Is it hard to replace a toilet? For most DIYers, it’s a moderate-level project that can be done in 1–3 hours with the right tools and instructions. Before you begin, here is a quick overview of what to expect when you replace toilet.
Factor Details
Time 1–3 hours for a standard replacement.
Difficulty Moderate DIY. You may want a helper for lifting the heavy toilet bowl.
Cost (DIY) $180–$550 (materials and tools, toilet excluded). Professional installation can cost $250–$650 for labor alone.
What You’ll Need New toilet, wax ring or wax-free toilet seal, closet bolts, water supply line, and basic hand tools.
When to Call a Pro A damaged toilet flange, subfloor rot, or problems with the water shutoff valve.

Tools, Materials & Pre-Installation Checklist

Gathering everything you need before you start is the key to a smooth toilet installation.
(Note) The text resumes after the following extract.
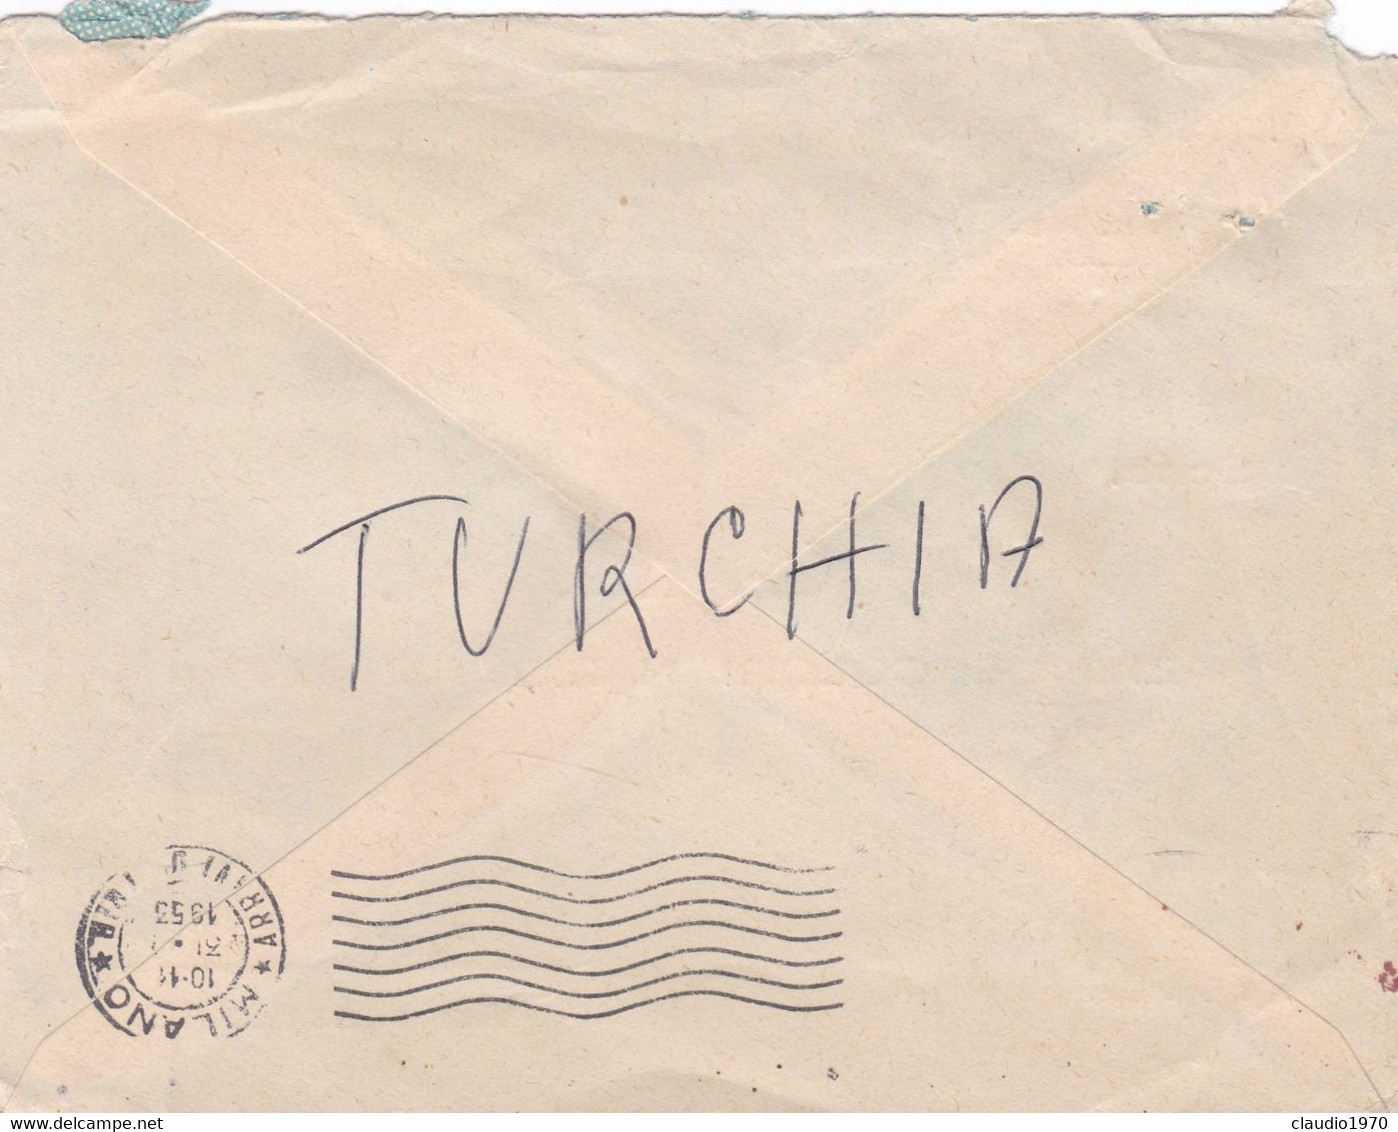 TURCHIA - TùKIYE -  ISTANBUL - STORIA POSTALE - BUSTA PAR AVION  I.T.I. T.I. - T.A.S  VIAGGIATA PER MILANO - ITALIA 1953 - Lettres & Documents
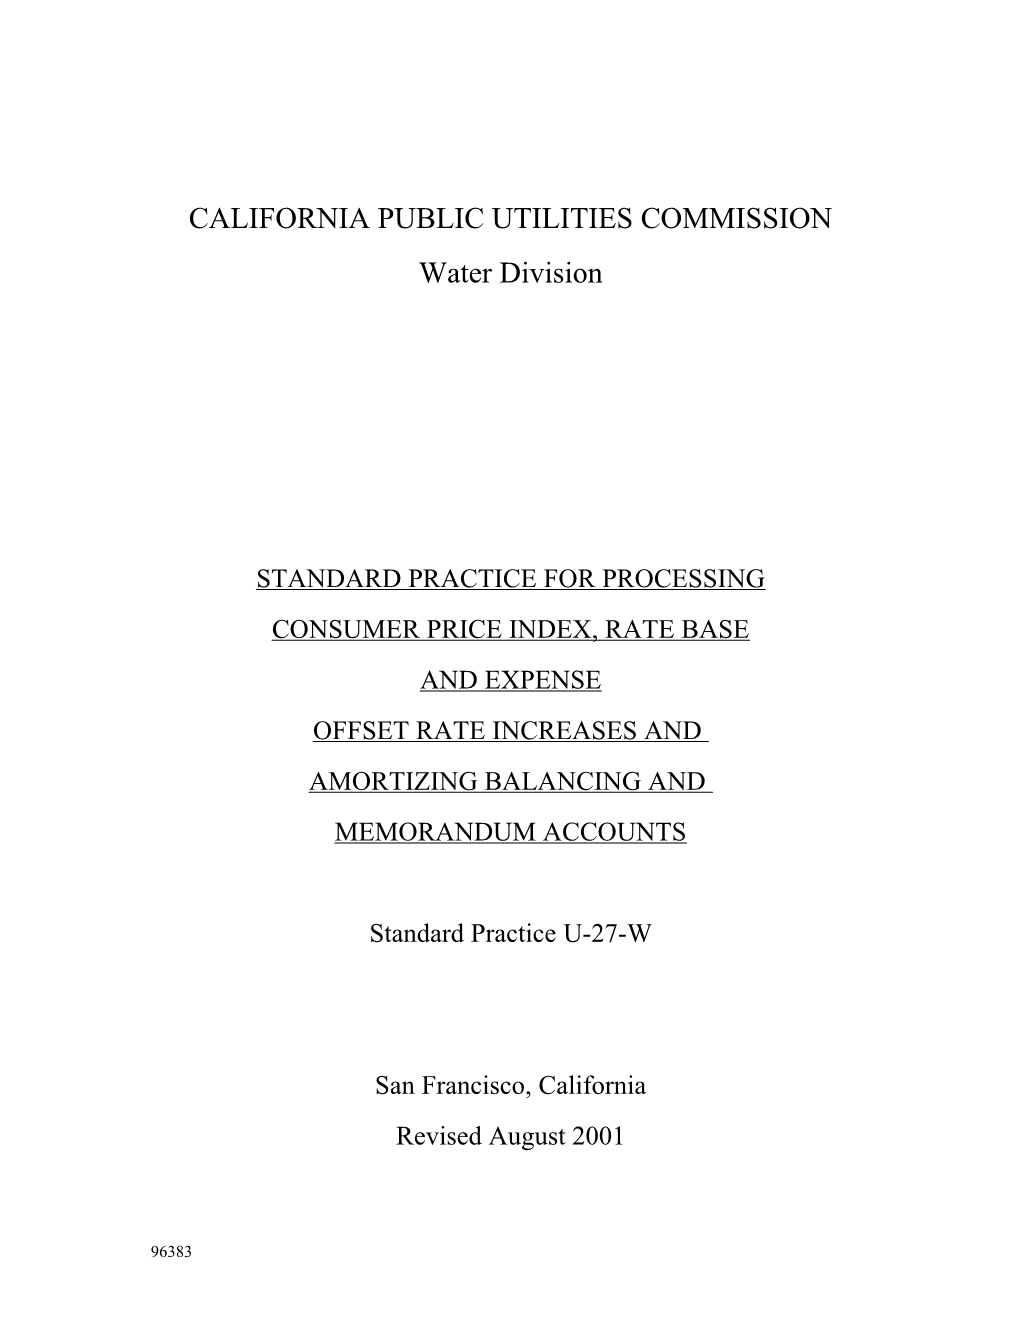 California Public Utilities Commission s2

You don't want to be mid-project and realize you're missing a critical part.

Required Tools To Install Toilet

  • Adjustable Wrench (or socket set)
  • Bucket and Sponge
  • Putty Knife
  • Hacksaw (for trimming bolts)
  • Level
  • Screwdriver (flathead and Phillips)
  • Work Gloves
  • Rags or old towels

Required Materials

  • New Toilet (one-piece or two-piece toilet)
  • Wax Ring / Seal (standard or extra-thick)
  • Closet Bolts and Nuts (often included with the wax ring)
  • Flexible Water Supply Line
  • Silicone Caulk
  • Shims (composite or plastic, not wood)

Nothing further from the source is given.